↓
 ↑
Регистрация
Имя/email

Пароль

 
Войти при помощи
Размер шрифта
14px
Ширина текста
100%
Выравнивание
     
Цвет текста
Цвет фона

Показывать иллюстрации
  • Большие
  • Маленькие
  • Без иллюстраций

Пастух и пастушка (джен)



Автор:
Фандом:
Рейтинг:
PG-13
Жанр:
Драма, Общий
Размер:
Мини | 46 743 знака
Статус:
Закончен
 
Проверено на грамотность
История одной встречи в провинциальной гостинице.
QRCode
↓ Содержание ↓

↑ Свернуть ↑
  Следующая глава

Глава 1

А здесь мало что изменилось. Разве что светильники — вычурные лилии матового стекла вместо слащавых бронзовых ангелочков со свечами в пухлых кулачках. Да дорожки — теперь они цвета болотного мха с тускло серебрящимися краями, словно новый хозяин прилежно чтит слизеринские традиции.

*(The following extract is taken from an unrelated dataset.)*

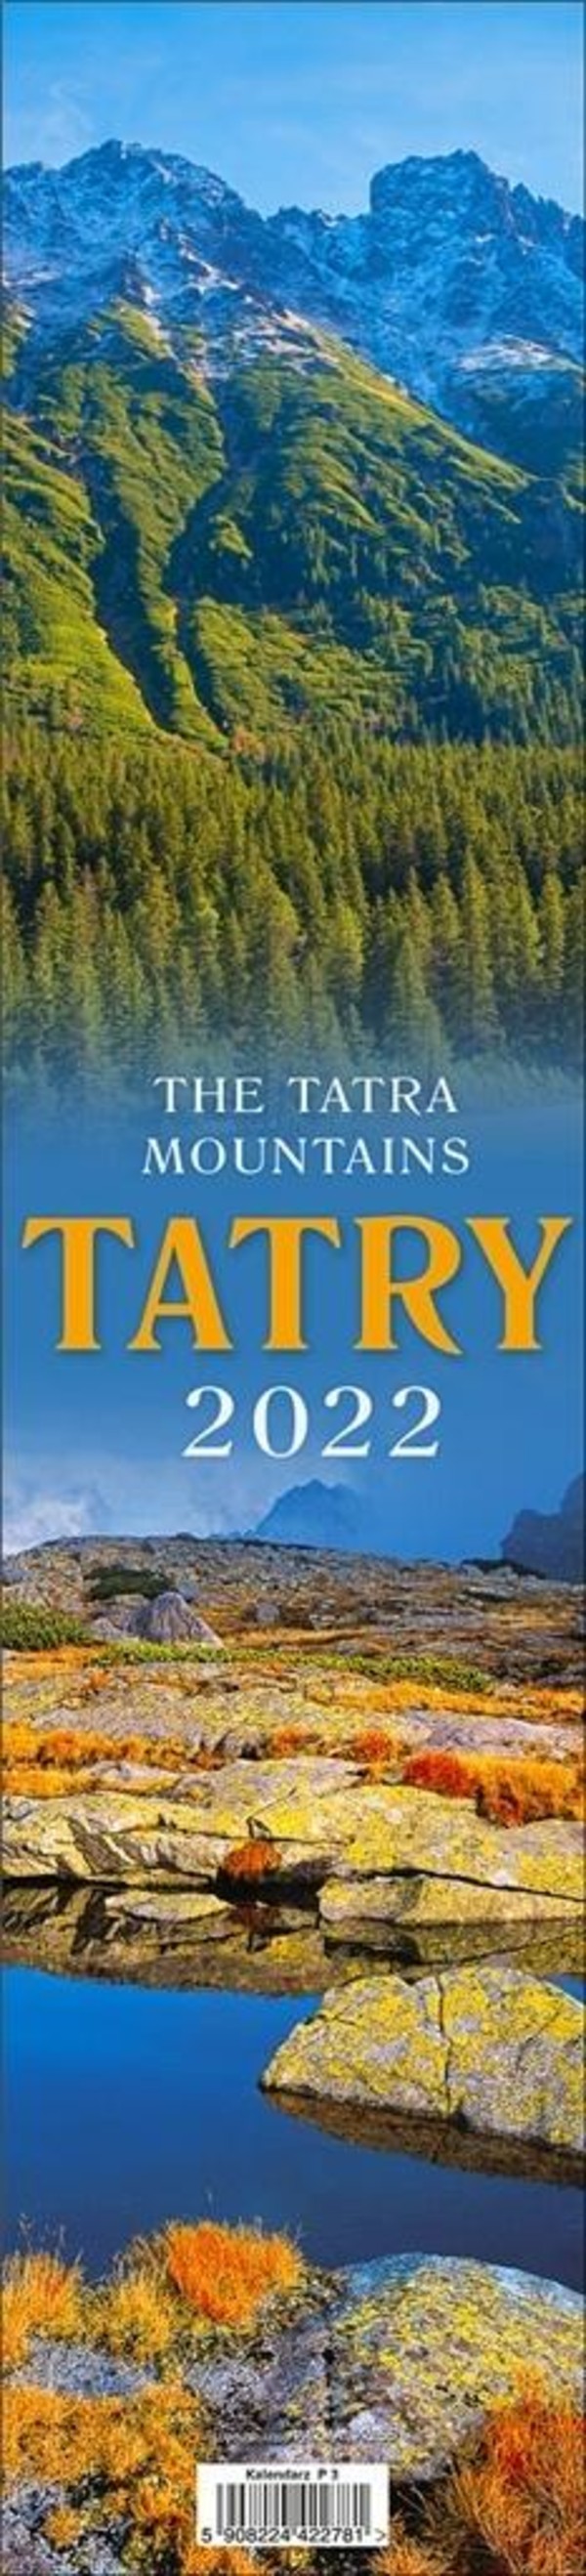 Kalendarz 2022 Paskowy Tatry

Нет, конечно нет. "Золотой фазан" до сих пор магловская гостиница, как в те годы, воспоминания о которых так же ярки, как прежние алые дорожки. Почтенное заведение, сменившее свечи на электричество, но и теперь, как раньше, добропорядочных старцев здесь, верно, встречают гораздо приветливей, чем ветреных юнцов. Он улыбается, вспомнив, как хмурился им вслед портье, когда они взбегали на второй этаж, на бегу с хохотом срывая промокшие плащи, и как однажды ключ заело и Геллерт, не таясь, выкрикнул заклинание, втянул его за собой и стер негодование быстрым горячим поцелуем. Да, вот сюда, в эту комнату. А ему сейчас в соседнюю. Но сначала надо бы поздороваться со старым знакомым.

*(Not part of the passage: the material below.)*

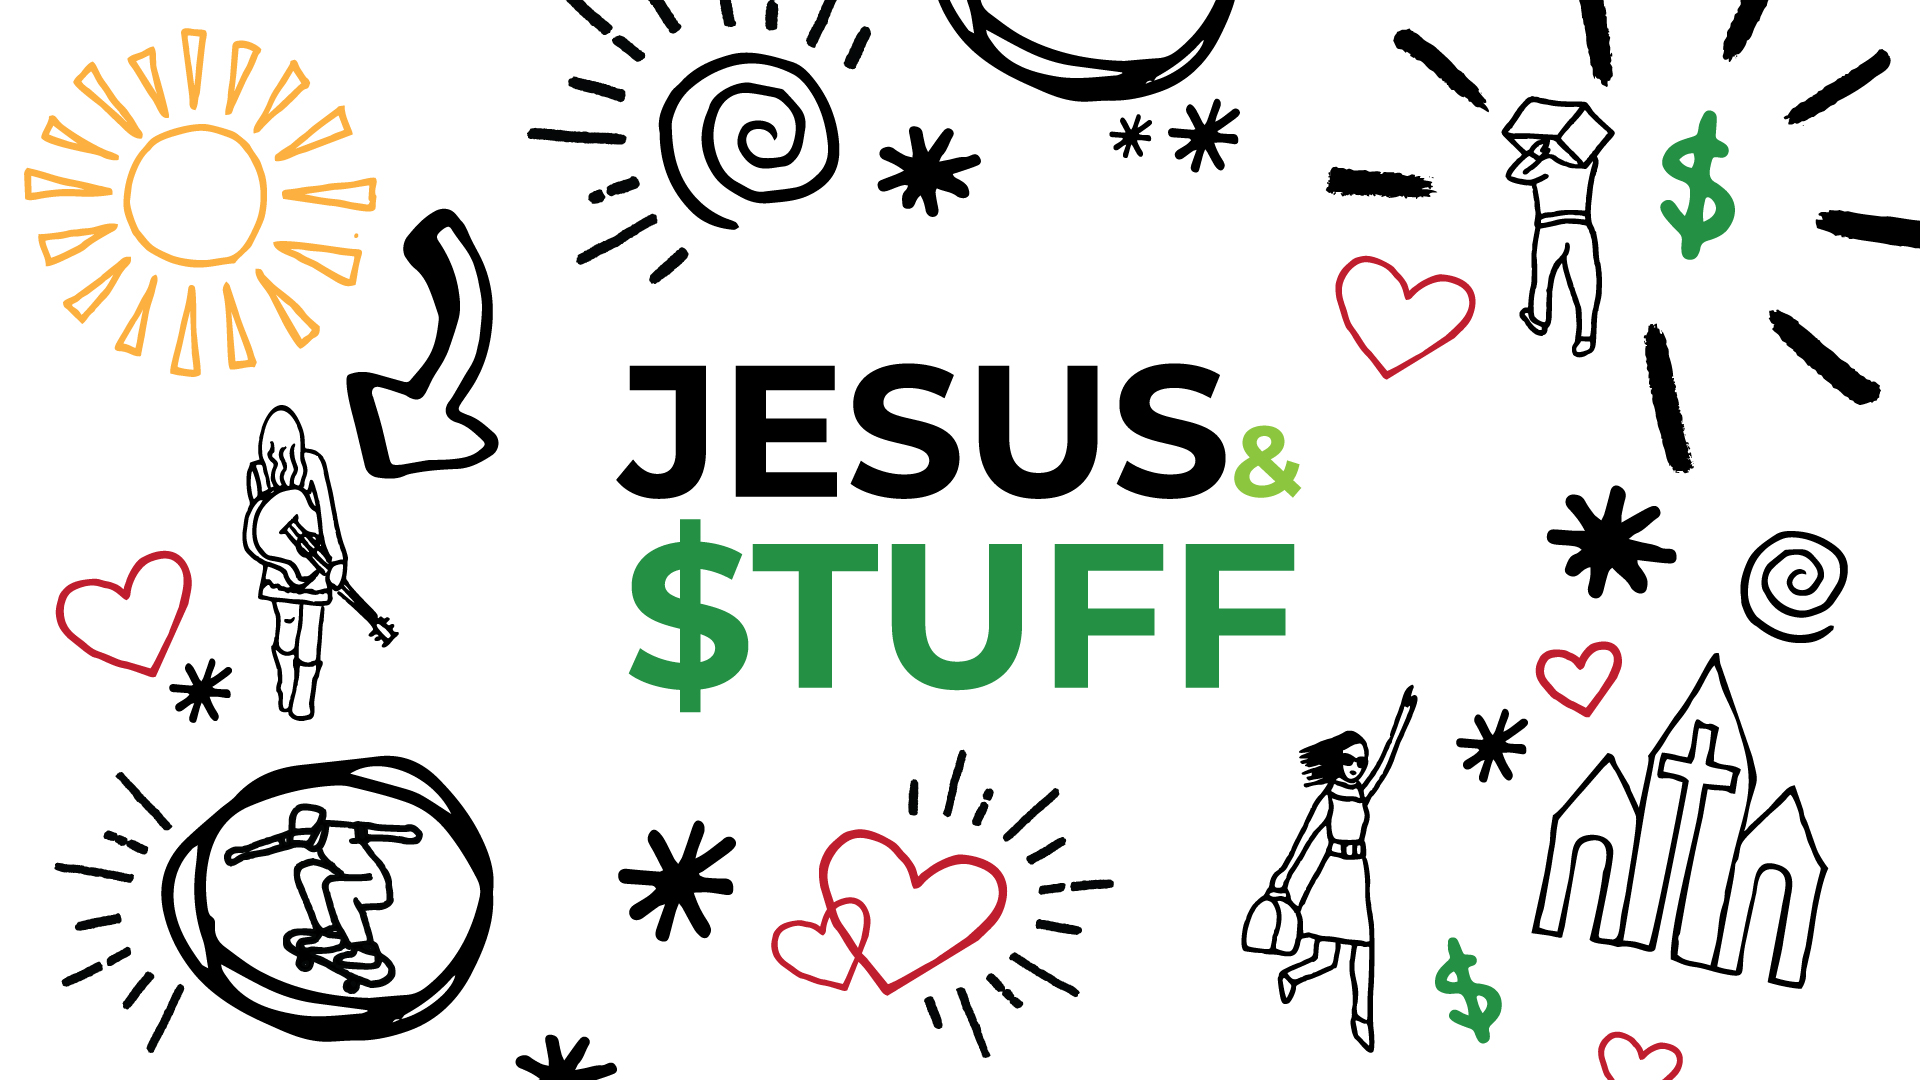 Jesus & $tuff - Part IV

Он осторожно проводит высохшим пальцем по гладким перьям, блеснувшим в тускловатом свете плафона, серьезно вглядывается в темные немигающие бусинки. Здравствуй, бедная жертва магловской пули, ты еще помнишь двух юнцов, воображавших себя поэтами и слагавших пространные дурашливые оды твоей нетленной красе? А ты до сих пор красив, куда как краше двух старых чучел, доживающих свой век слишком далеко друг от друга и от разлучивших их юношеских безумств. Впрочем, почтенным старцам тоже свойственны безумные мальчишеские порывы, что бы об этом ни думало новое поколение портье в магловских гостиницах.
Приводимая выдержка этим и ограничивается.